Given the following contract, with the goal of well, guessing the number:

pragma solidity ^0.4.24;

contract HashSlingingSlasher {
    
    bytes32 answer = 0xed2a0ca74e236c332625ad7f4db75b63d2a2ee7e3fe52c2c93c8dbc4e06906d1;
    
    constructor() public payable {
        require(msg.value == 0.5 ether, "Must send 0.5 Ether");        
    }

    /** Guess the hashed number.

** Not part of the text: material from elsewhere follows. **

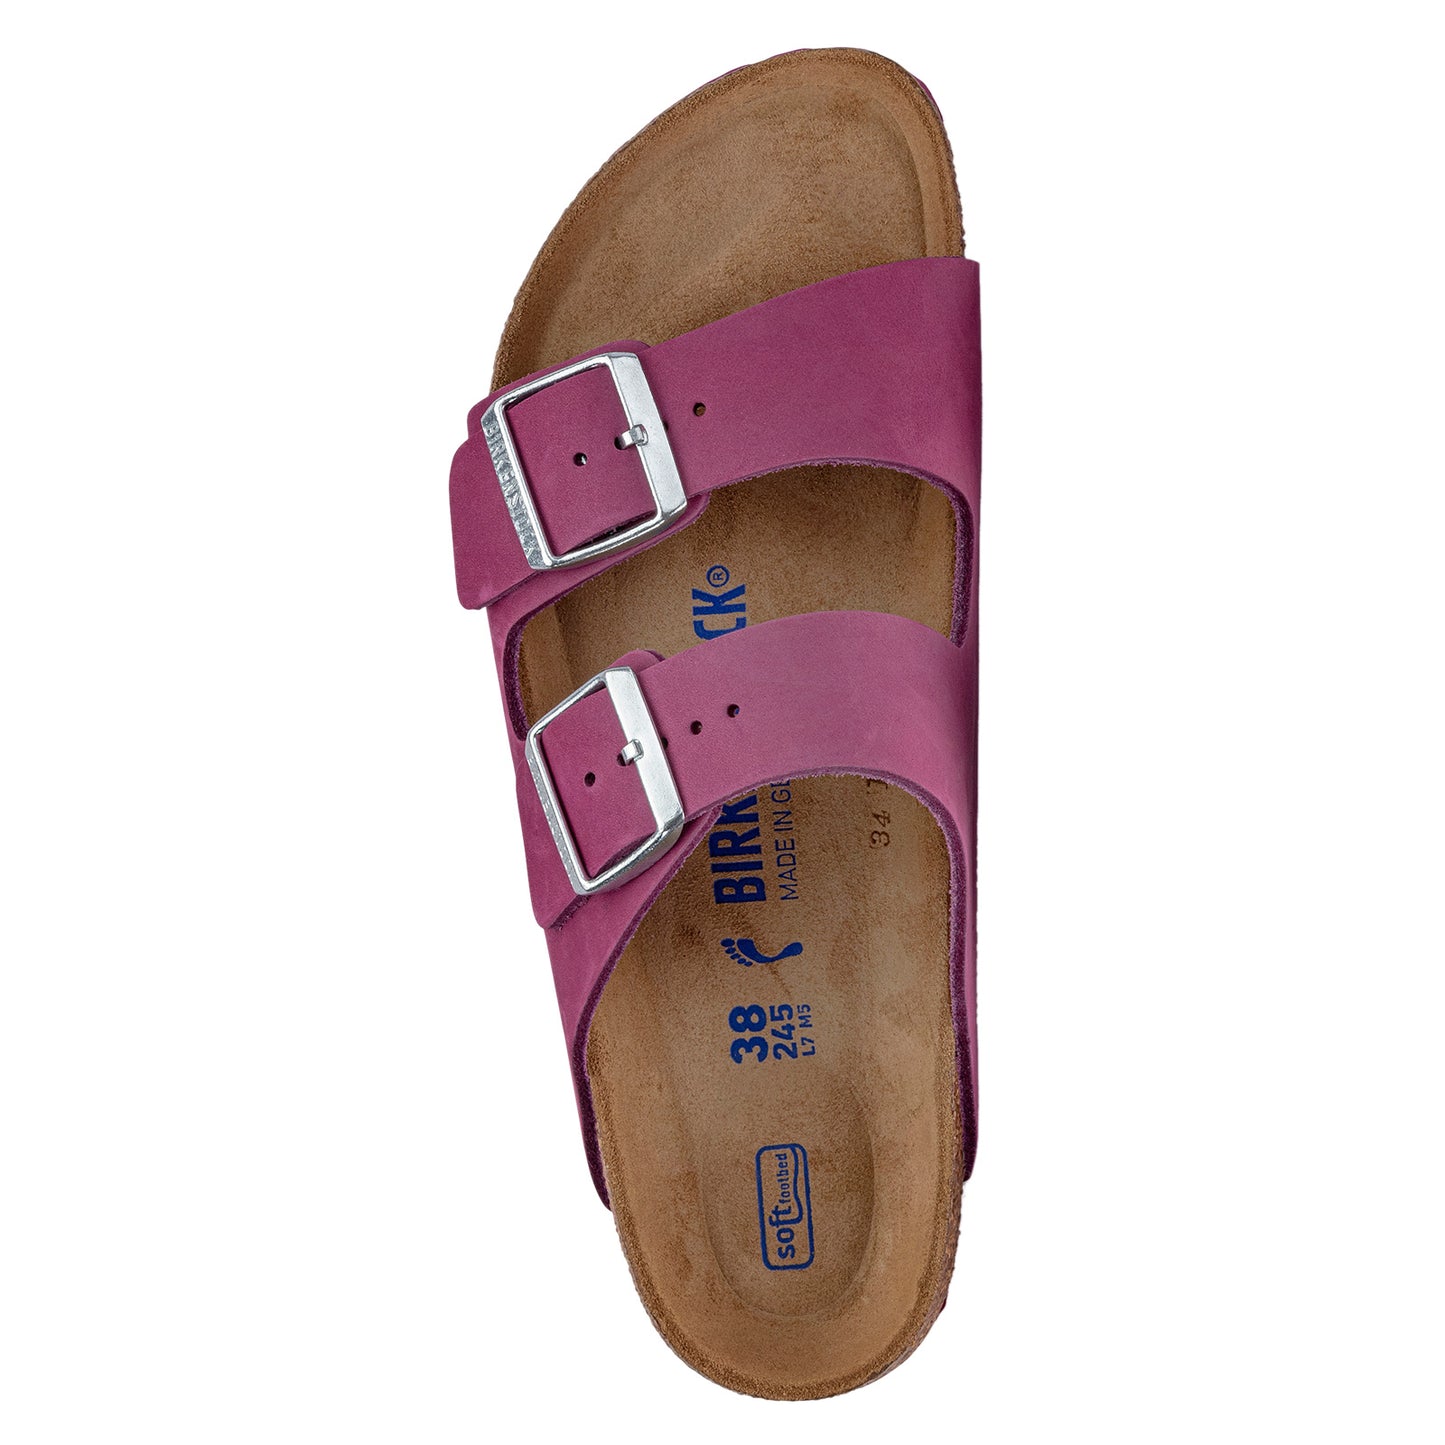 Peltz Shoes  Women's Birkenstock Arizona Soft Footbed Sandal - Narrow Width FUCHSIA 1023 391 N
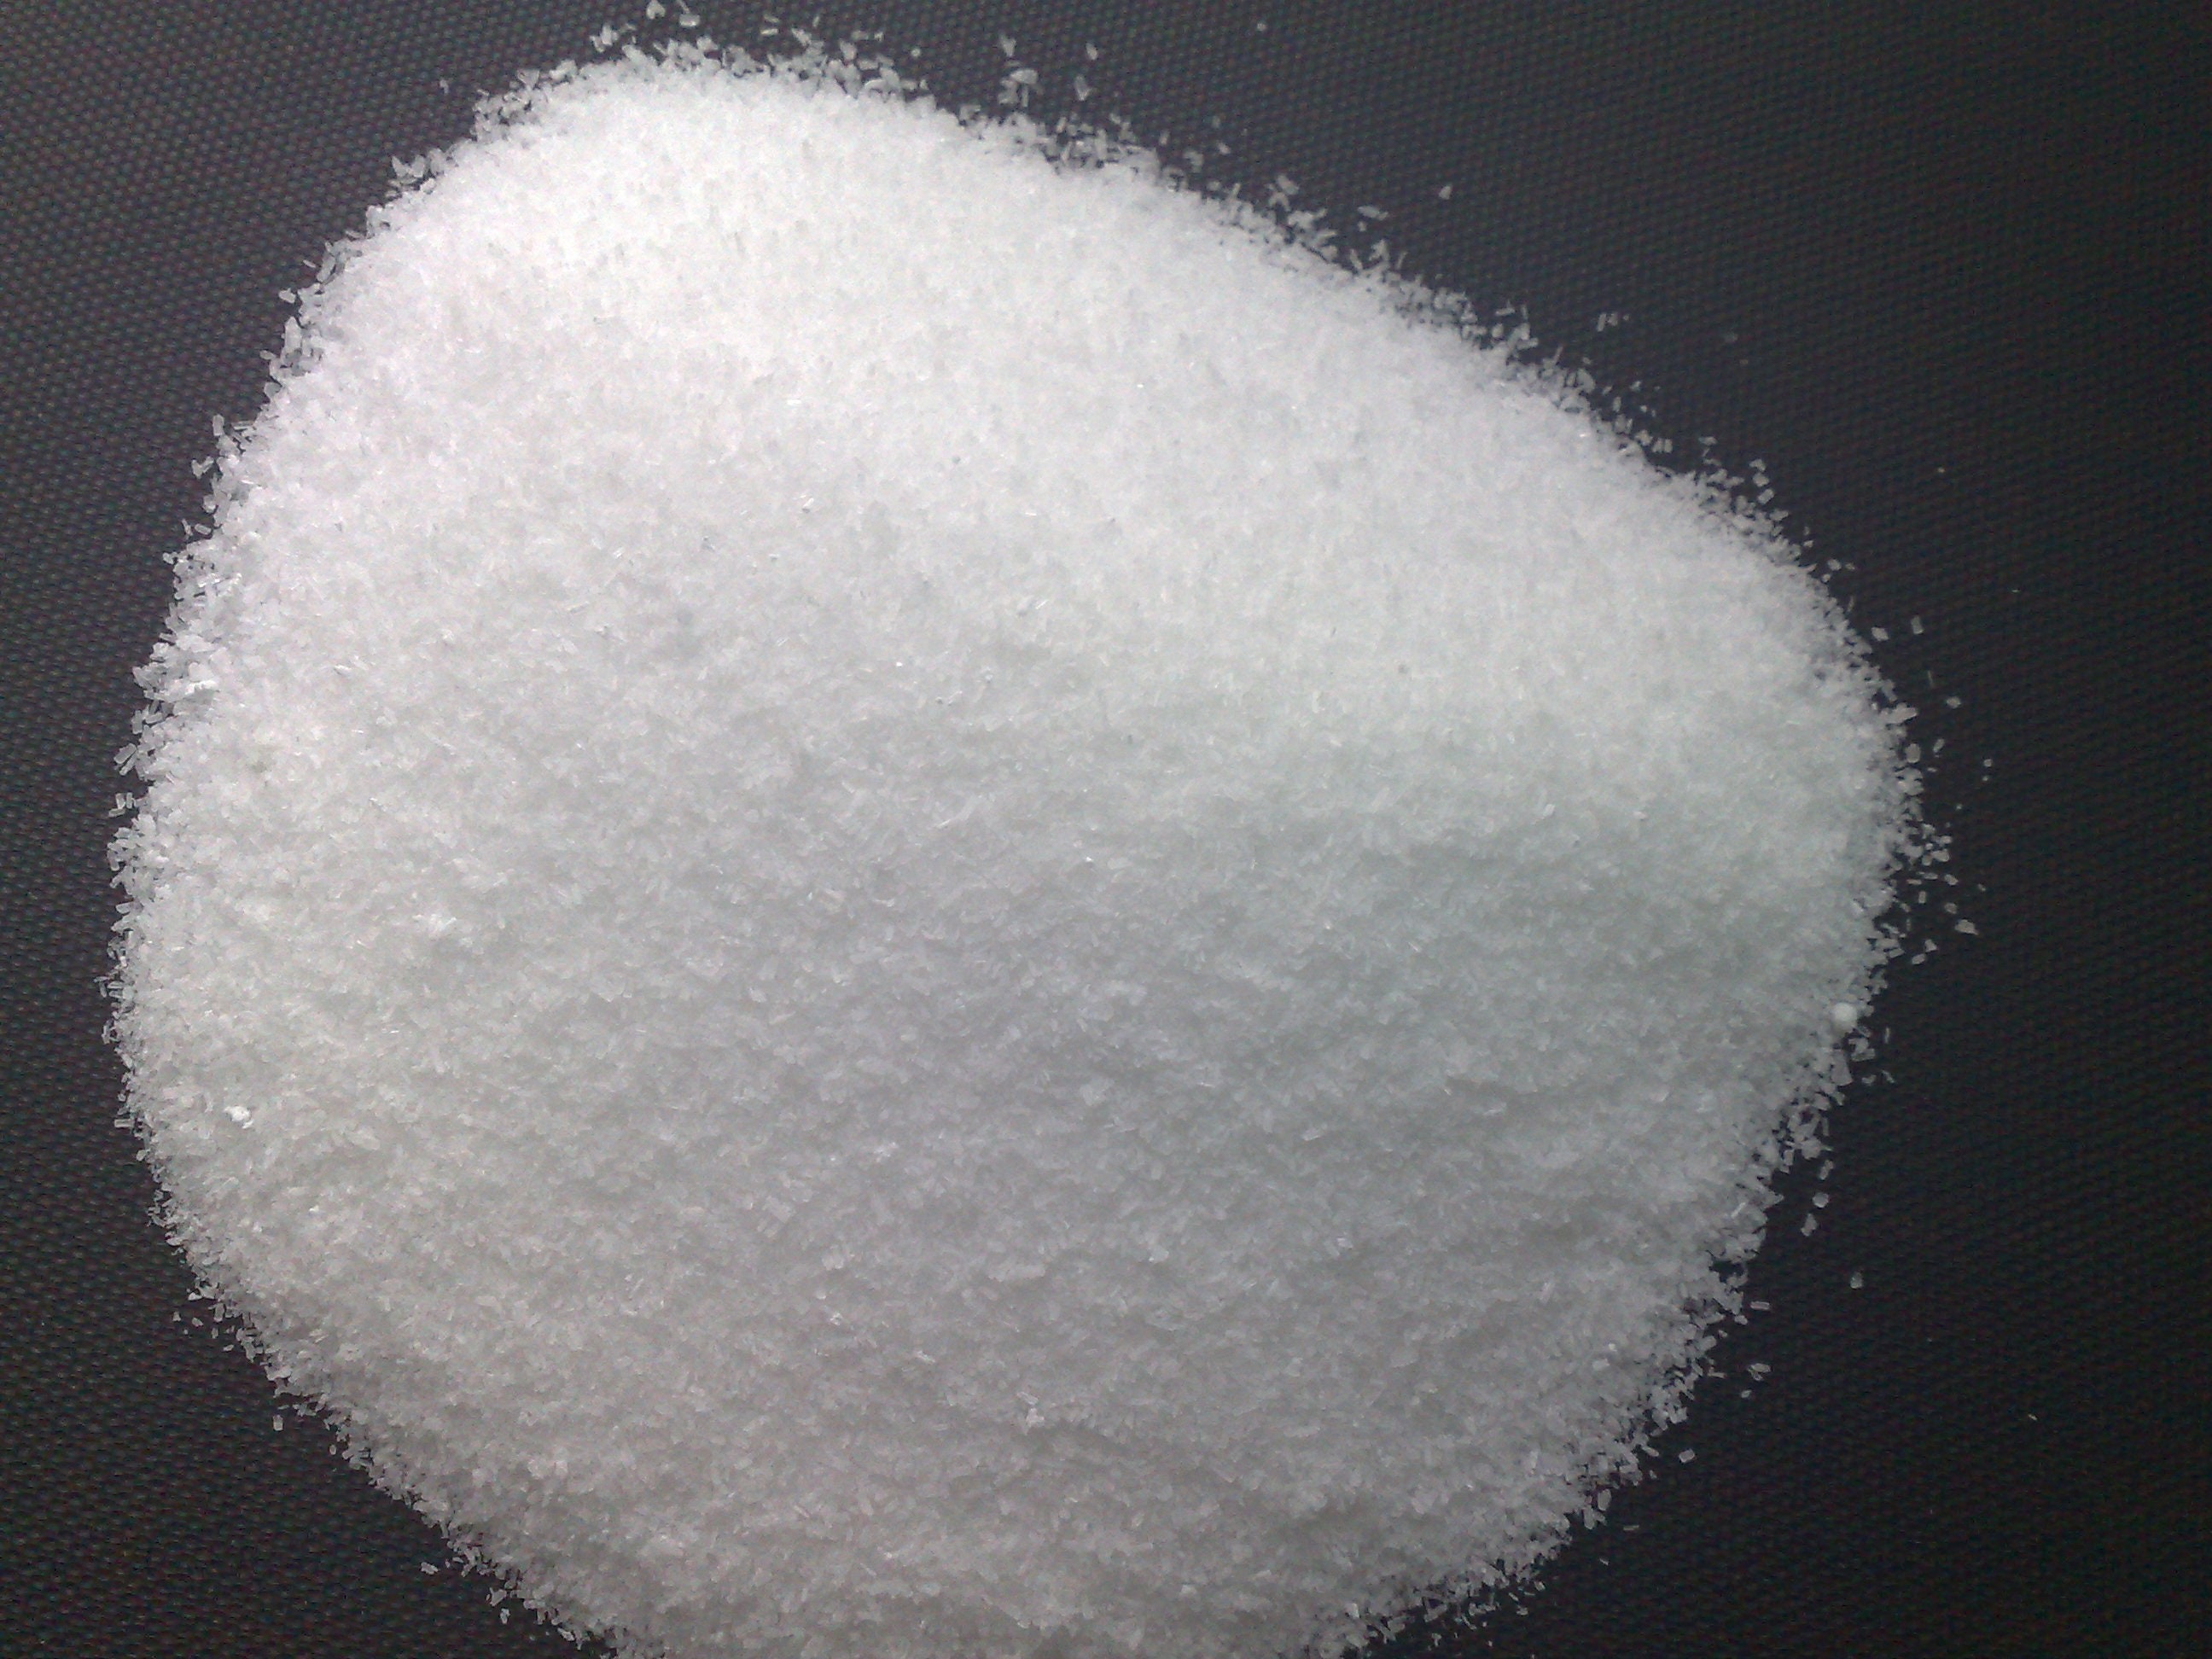 Sodium Hydroxide Caustic Soda 99% Pure lab chemical E524 Lye 100g for soap  making etc

Refunds ether if guessed correctly
     */
    function guess(uint16 number) public payable {
        require(msg.value == 0.25 ether, "Must send 0.25 Ether");
        if(keccak256(abi.encodePacked(number)) == answer) {
            msg.sender.transfer(address(this).balance);
        }
    }
    
    /** Returns balance of this contract
     */
    function getBalance() public view returns (uint256) {
        return address(this).balance;
    }

    /** CTF helper function
     *  Used to check if challenge is complete
     */
    function isComplete() public view returns (bool) {
        return address(this).balance == 0;
    }
    
}

Who ever said anything about a hash being good security, especially when you know there are only 65536 possibilities?

from eth_utils import decode_hex
from eth_utils import keccak

hash = decode_hex("0xed2a0ca74e236c332625ad7f4db75b63d2a2ee7e3fe52c2c93c8dbc4e06906d1")

i = 0
while True:
	if hash == keccak(i):
		print(i)
		break
	i += 1

Running the above script spits out 13337, which can be submitted for the flag.